The listing is to be returned word for word, without its images.

--- Dataset extract Enclosed Below ---

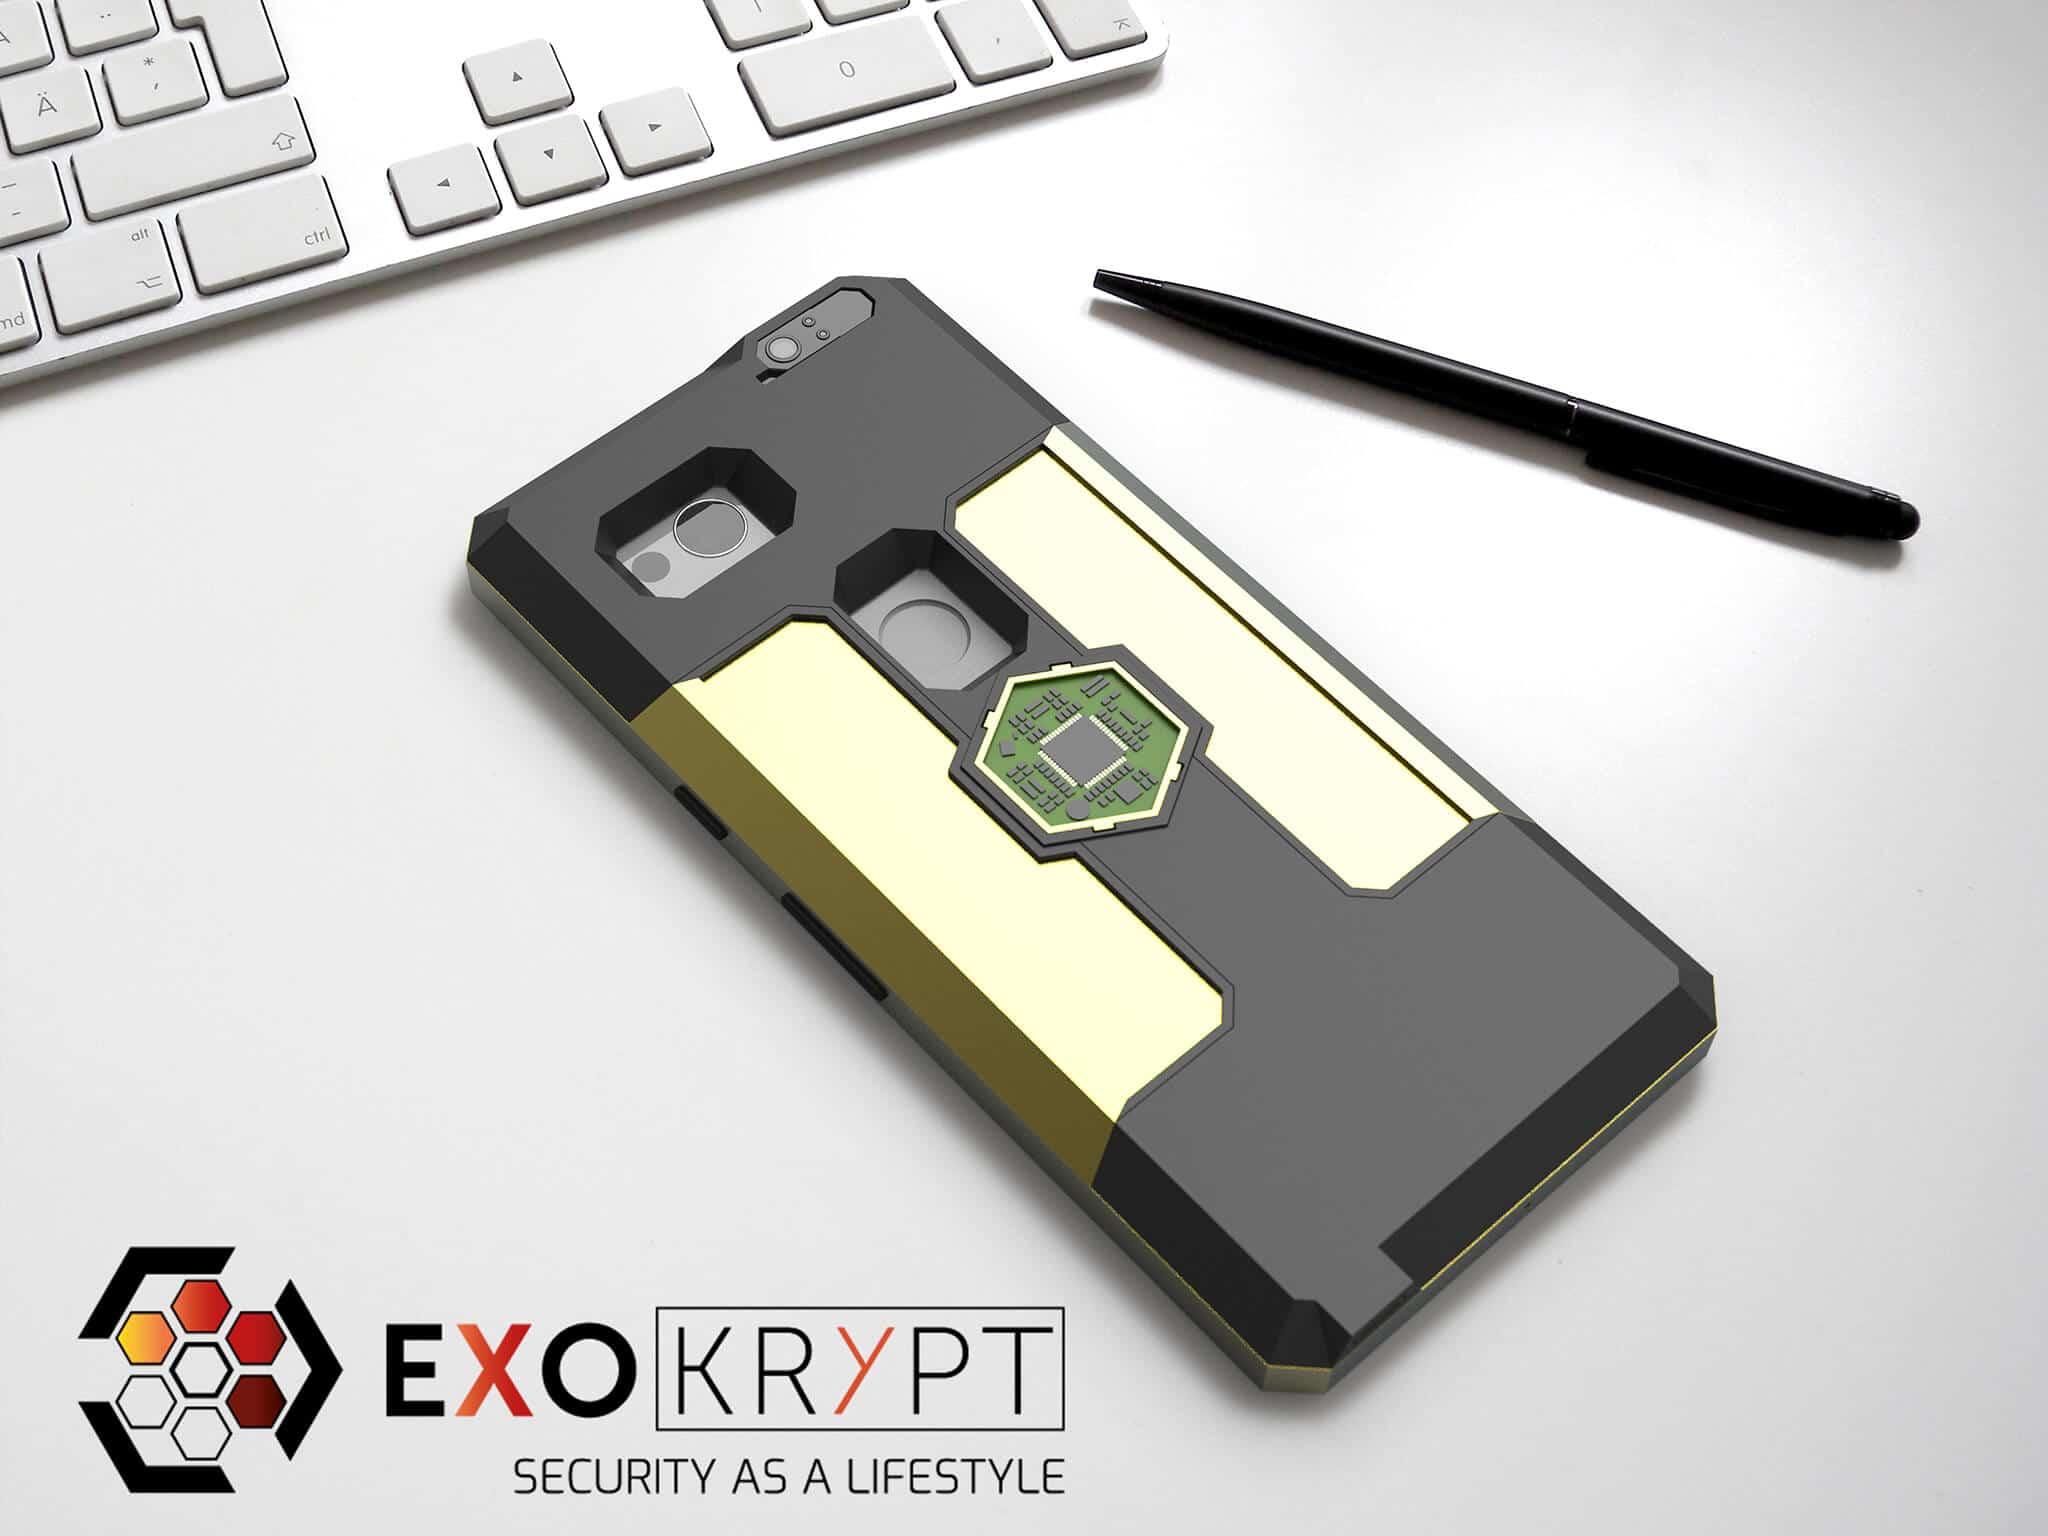 ExoShield BUSINESS Smartphone Case - Brushed Gold Frame - Gold Inlets auf einem Tisch auf einem Papierblatt liegend mit Kugelschreiber daneben, Mac Tastatur darüber
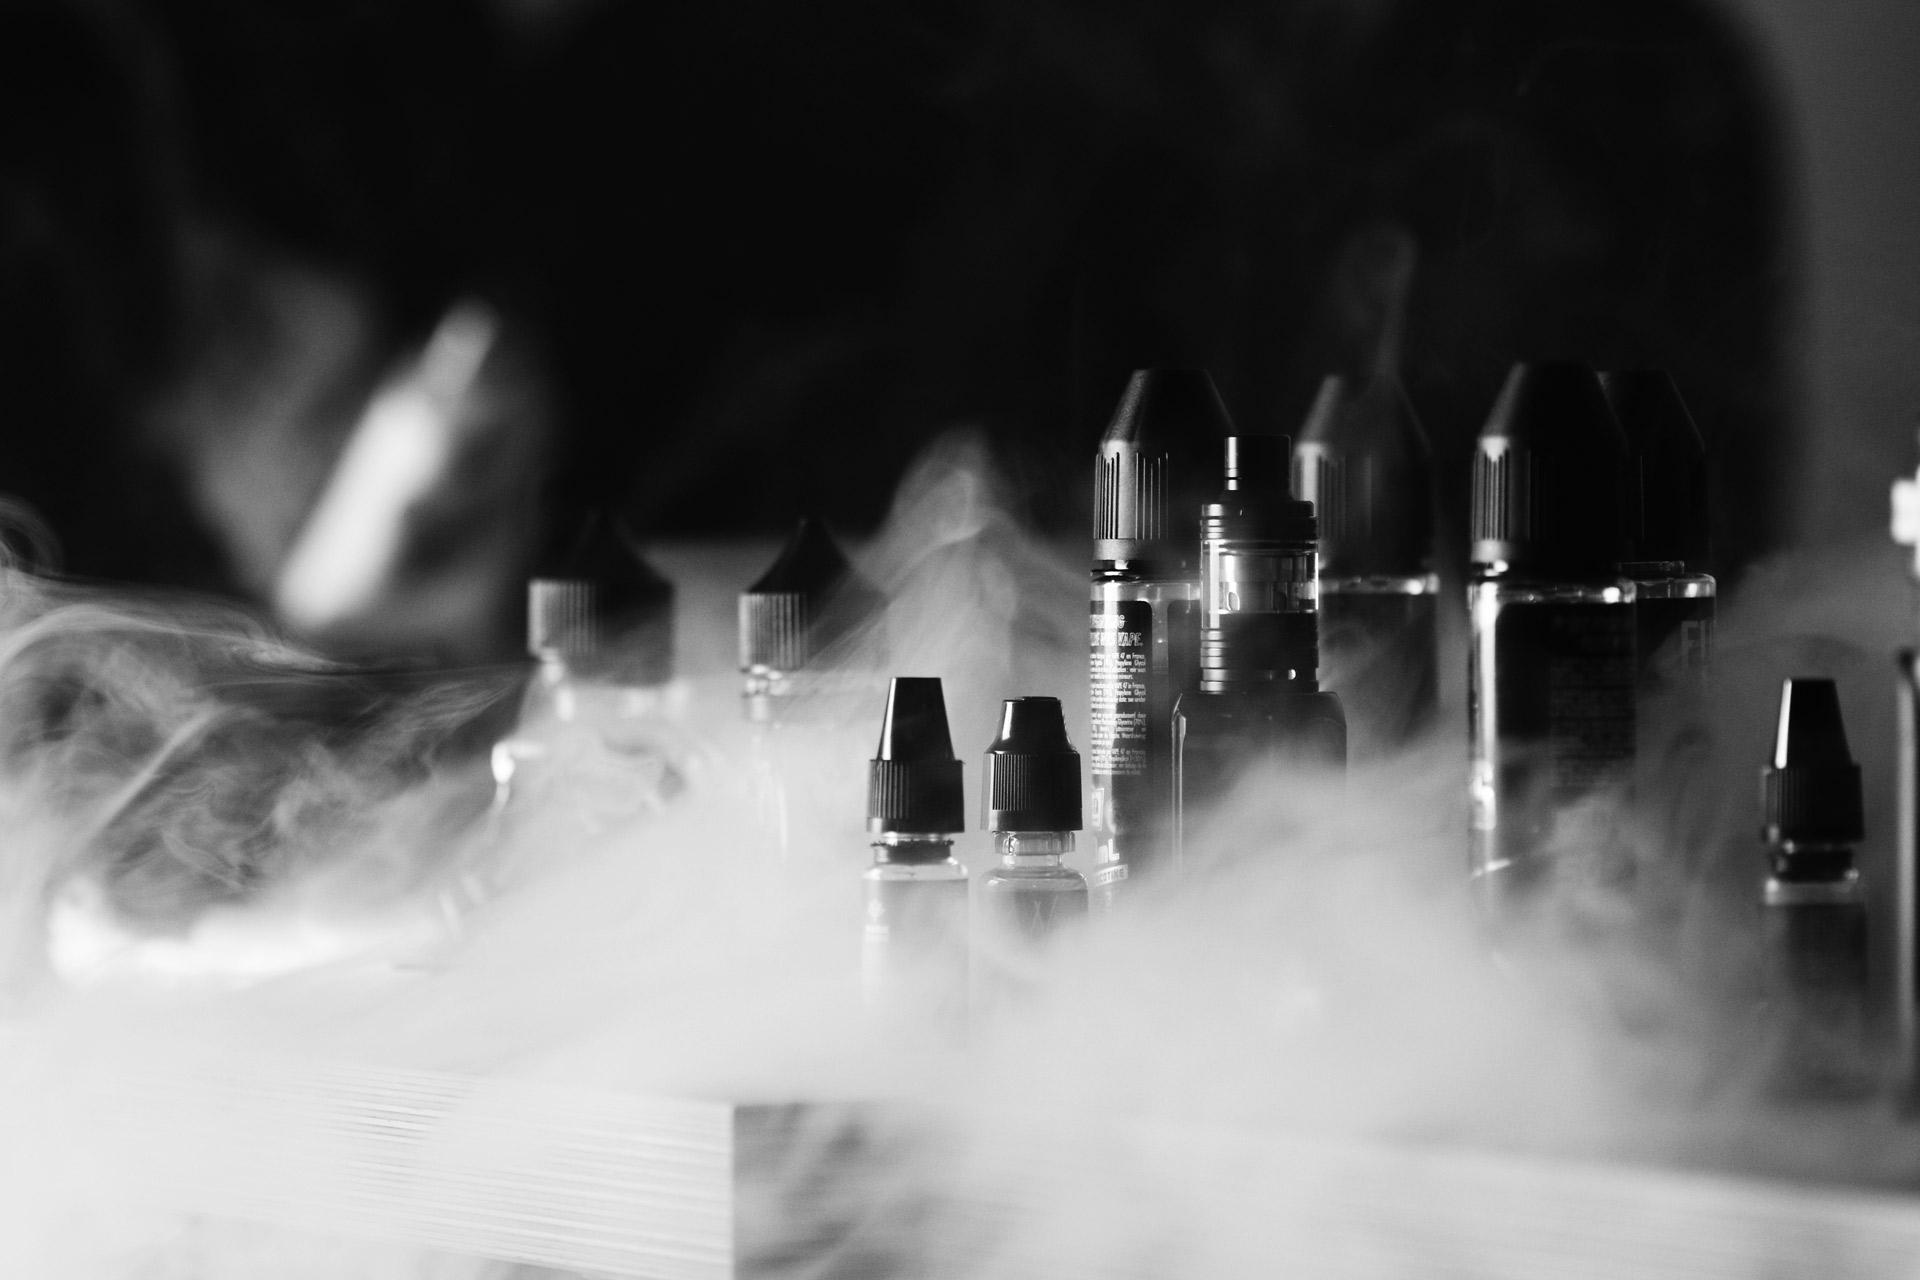 Vape dans le bureau - Photographie artistique en noir et blanc
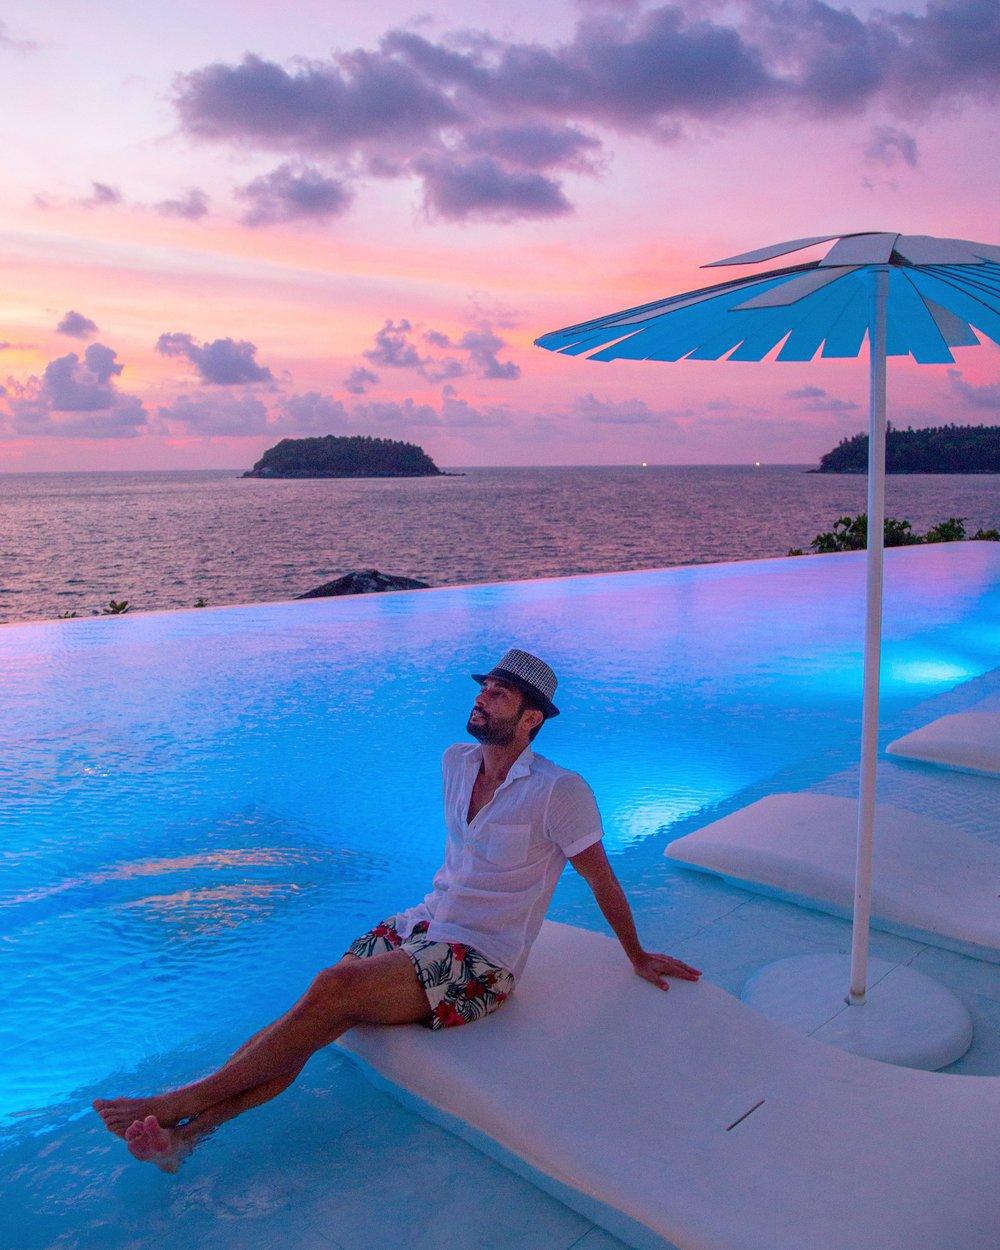 A piscina do Kata Rocks em Phuket é um dos pontos positivos desse hotel super premiado.  O restaurante e bar ficam à beira da piscina. Vale a pena jantar e assistir a esse pôr do sol mágico.

--- End of Enclosed Dataset extract ---

- **Response to the task**
 ExoShield BUSINESS Smartphone Case - Brushed Gold Frame - Gold Inlets auf einem Tisch auf einem Papierblatt liegend mit Kugelschreiber daneben, Mac Tastatur darüber
 Vape dans le bureau - Photographie artistique en noir et blanc
 A piscina do Kata Rocks em Phuket é um dos pontos positivos desse hotel super premiado.  O restaurante e bar ficam à beira da piscina. Vale a pena jantar e assistir a esse pôr do sol mágico.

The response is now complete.